WARTAXPRESS.com – Bupati Pati, Sudewo akhirnya memberikan tanggapan terkait ramainya protes warga atas kenaikan Pajak Bumi dan Bangunan Perdesaan dan Perkotaan (PBB-P2) yang mencapai 250 persen.
Sudewo menyatakan bahwa ia tidak melarang masyarakat untuk menggelar aksi unjuk rasa maupun melakukan penggalangan dana, selama kegiatan tersebut berjalan dengan tertib dan tidak disertai tindakan anarkis.
“Silakan mengumpulkan dana, silakan juga melakukan aksi, asalkan tertib. Setiap masukan dan kritik akan saya perhatikan, karena tujuan saya sepenuhnya adalah membangun Kabupaten Pati,” ucap Sudewo, dikutip dari Beritasatu, Rabu, 6 Agustus 2025.
Pernyataan itu disampaikan di tengah memanasnya situasi di Kabupaten Pati, Jawa Tengah, setelah ratusan warga yang tergabung dalam Aliansi Masyarakat Pati Bersatu melakukan demonstrasi di sekitar kantor bupati untuk menolak kenaikan PBB yang dinilai memberatkan.
Sudewo juga menanggapi insiden penertiban air mineral oleh Satpol PP di halaman kantor bupati saat aksi berlangsung.

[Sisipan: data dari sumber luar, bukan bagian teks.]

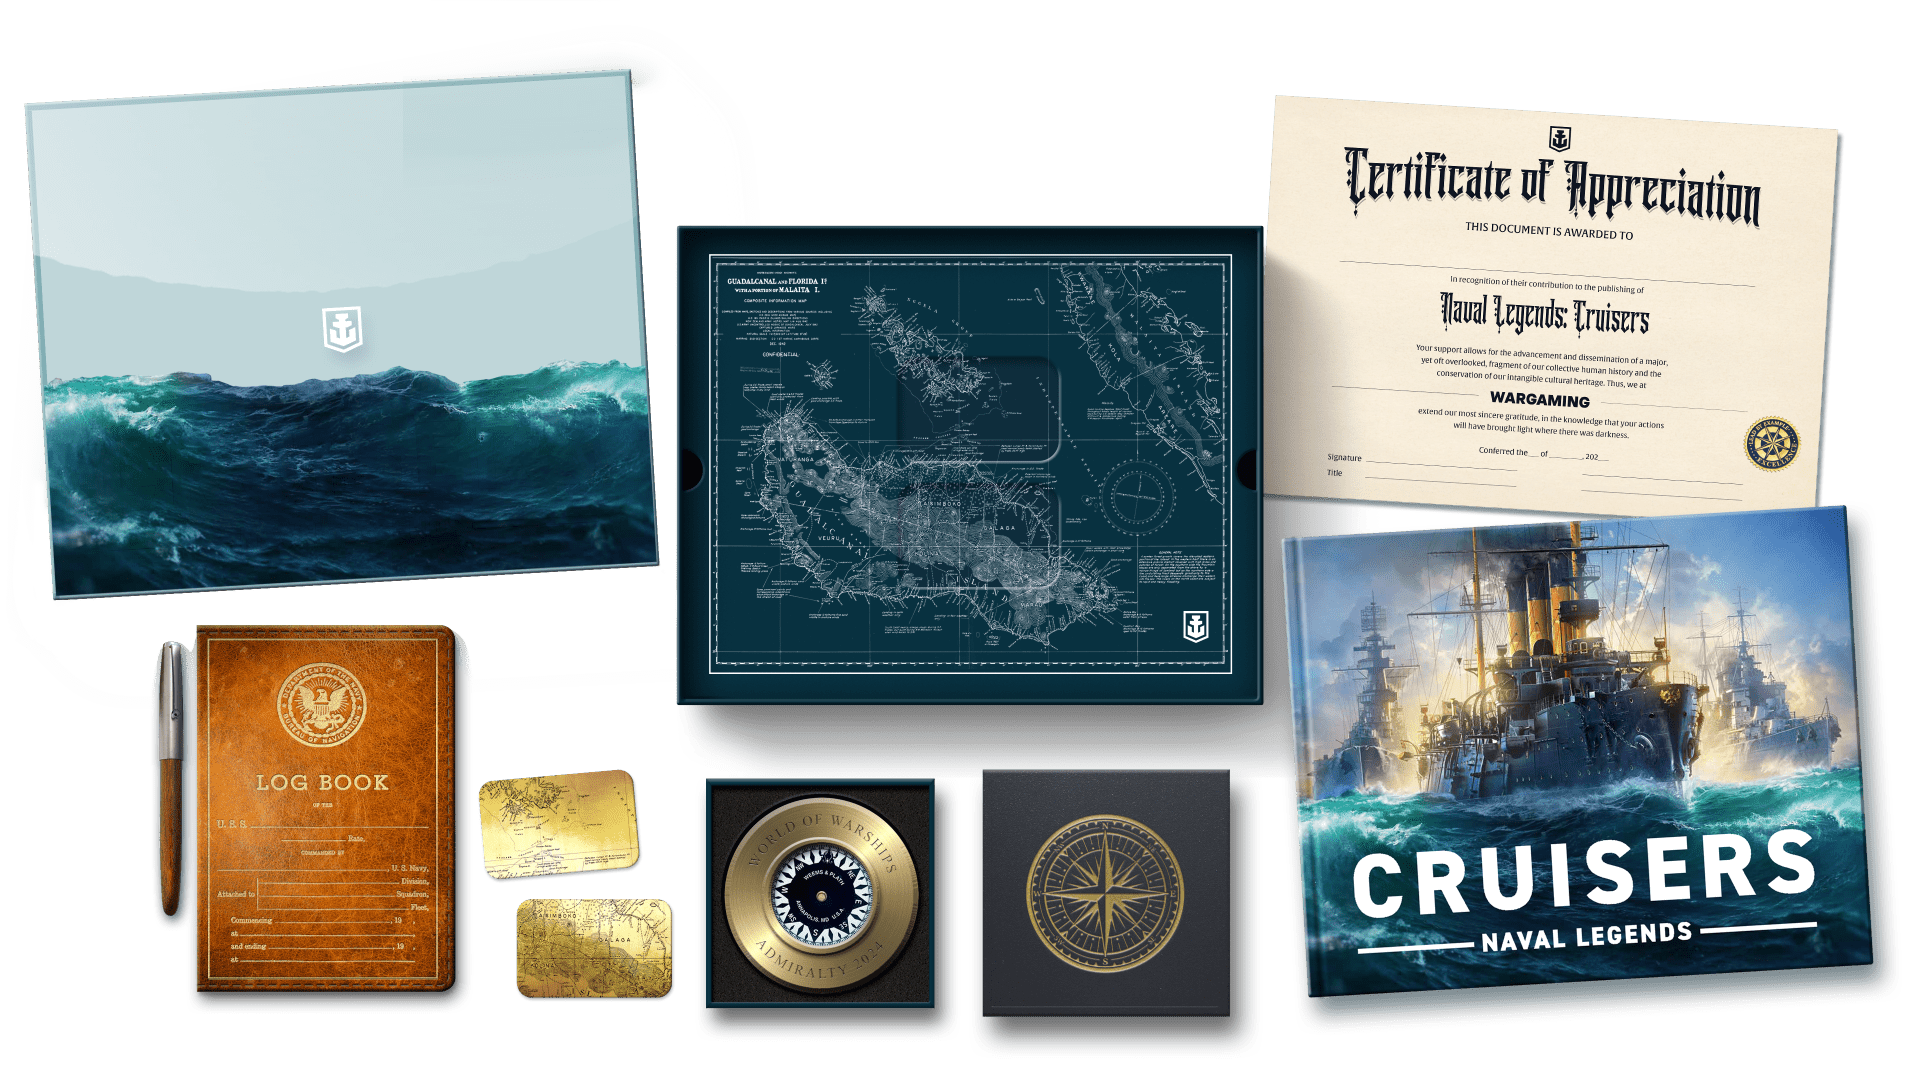 World of Warships Naval Legends: Cruisers Book Pre-Order Now Available Thru Dec. 14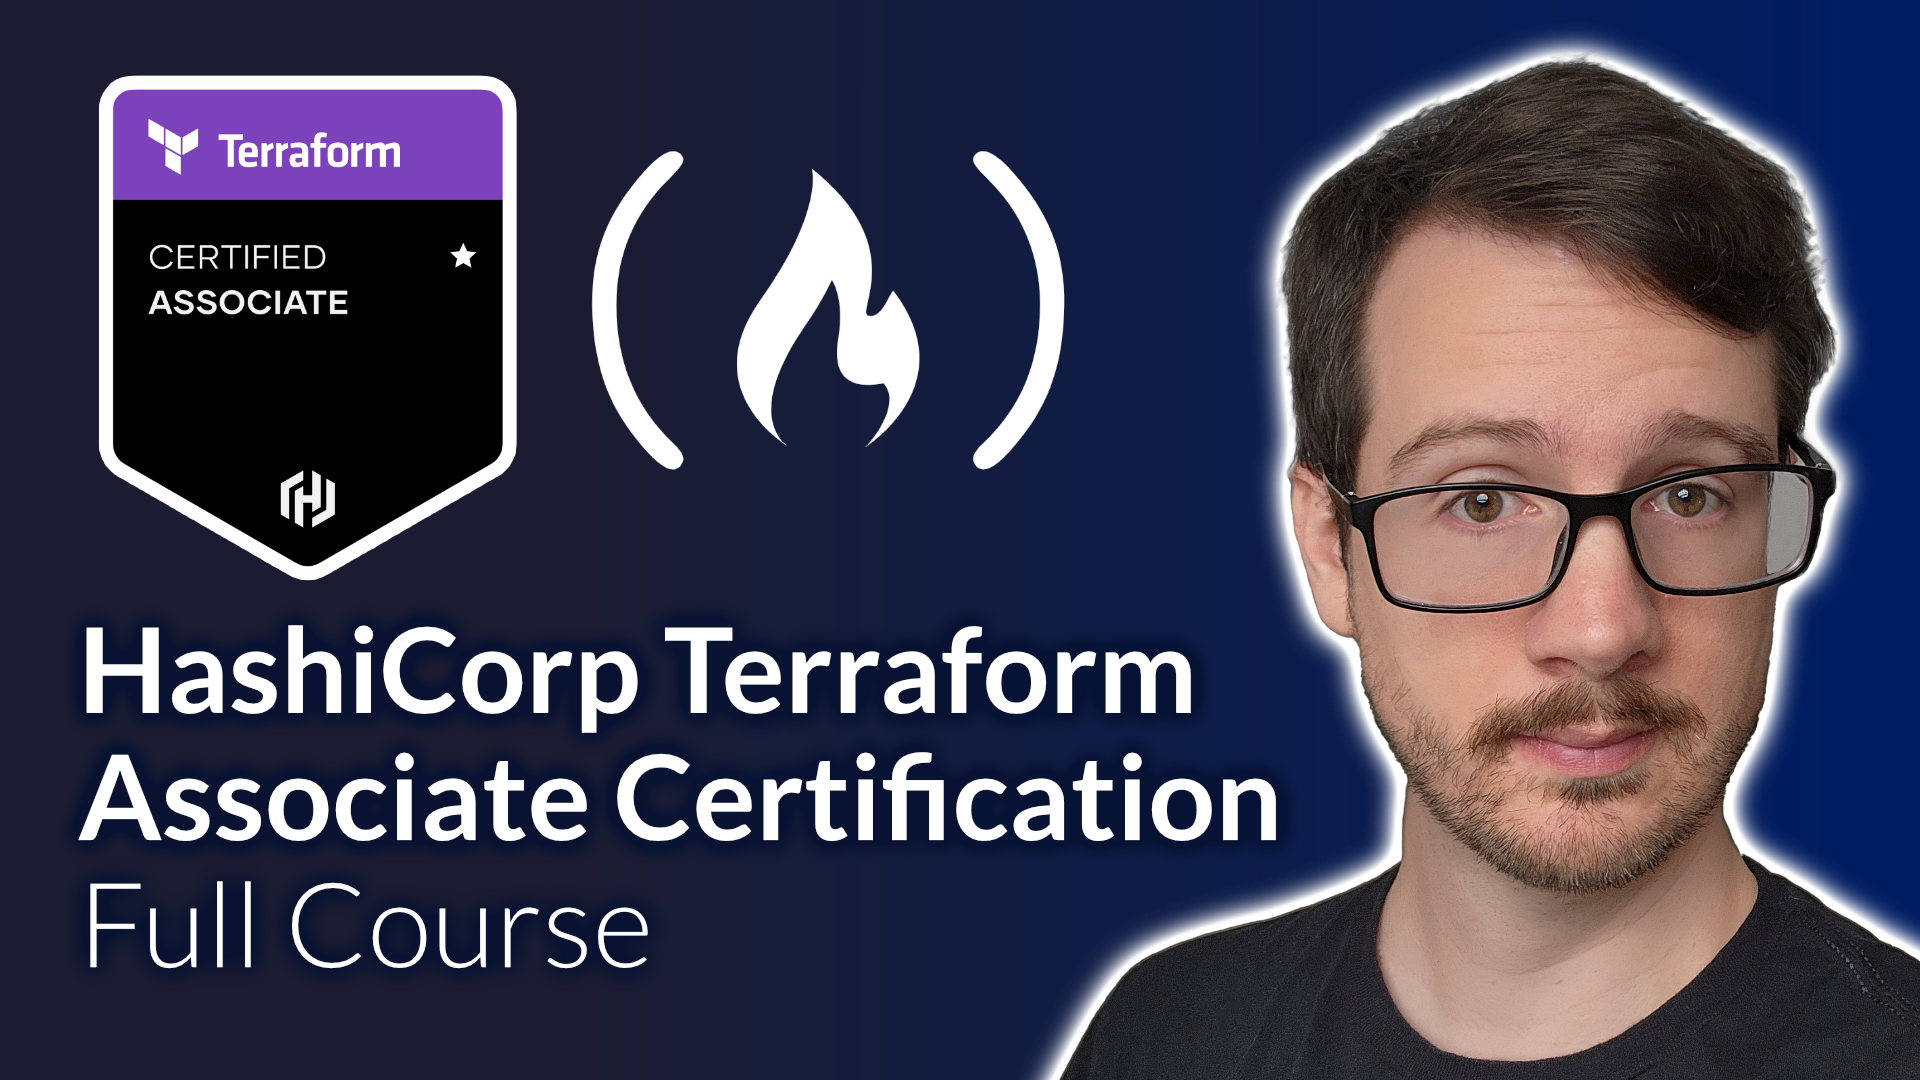 HashiCorp Terraform Associate Certification Study Course – Pass the Exam With This Free 7 Hour Course

Menurutnya, langkah tersebut diambil demi menjaga keamanan dan kelancaran pelaksanaan Kirab Boyongan HUT Pati yang digelar pada Kamis, 7 Agustus 2025.
Mengenai alasan kenaikan PBB, Sudewo menjelaskan bahwa kebijakan itu diperlukan untuk mendukung pembangunan di sektor kesehatan dan infrastruktur, termasuk memperbaiki jalan-jalan yang mengalami kerusakan parah.
“Saya ingin memberikan fasilitas rumah sakit yang terbaik untuk masyarakat Pati, dan juga berupaya memperbaiki jalan yang kondisinya sangat buruk,” tegasnya.
Ia menambahkan, anggaran belanja untuk pegawai honorer serta Pegawai Pemerintah dengan Perjanjian Kerja (P3K) setiap tahun mencapai sekitar Rp 200 miliar. Sementara itu, kenaikan PBB hanya ditargetkan menghasilkan tambahan pendapatan sekitar Rp 36 miliar.
Sudewo juga mengingatkan bahwa selama 14 tahun terakhir, Kabupaten Pati tidak pernah menaikkan PBB. Padahal, undang-undang mengatur bahwa kenaikan seharusnya dilakukan setiap tiga tahun sekali.
“Sesuai undang-undang, PBB semestinya naik tiap tiga tahun. Faktanya, sudah 14 tahun tidak naik, artinya ada pelanggaran aturan,” ujarnya.
“Jika dihitung, kenaikannya bisa saja mencapai 1.000 persen. Namun saya memilih hanya menaikkan 250 persen sebagai bentuk kebijakan yang lebih bijak untuk warga,” tambahnya.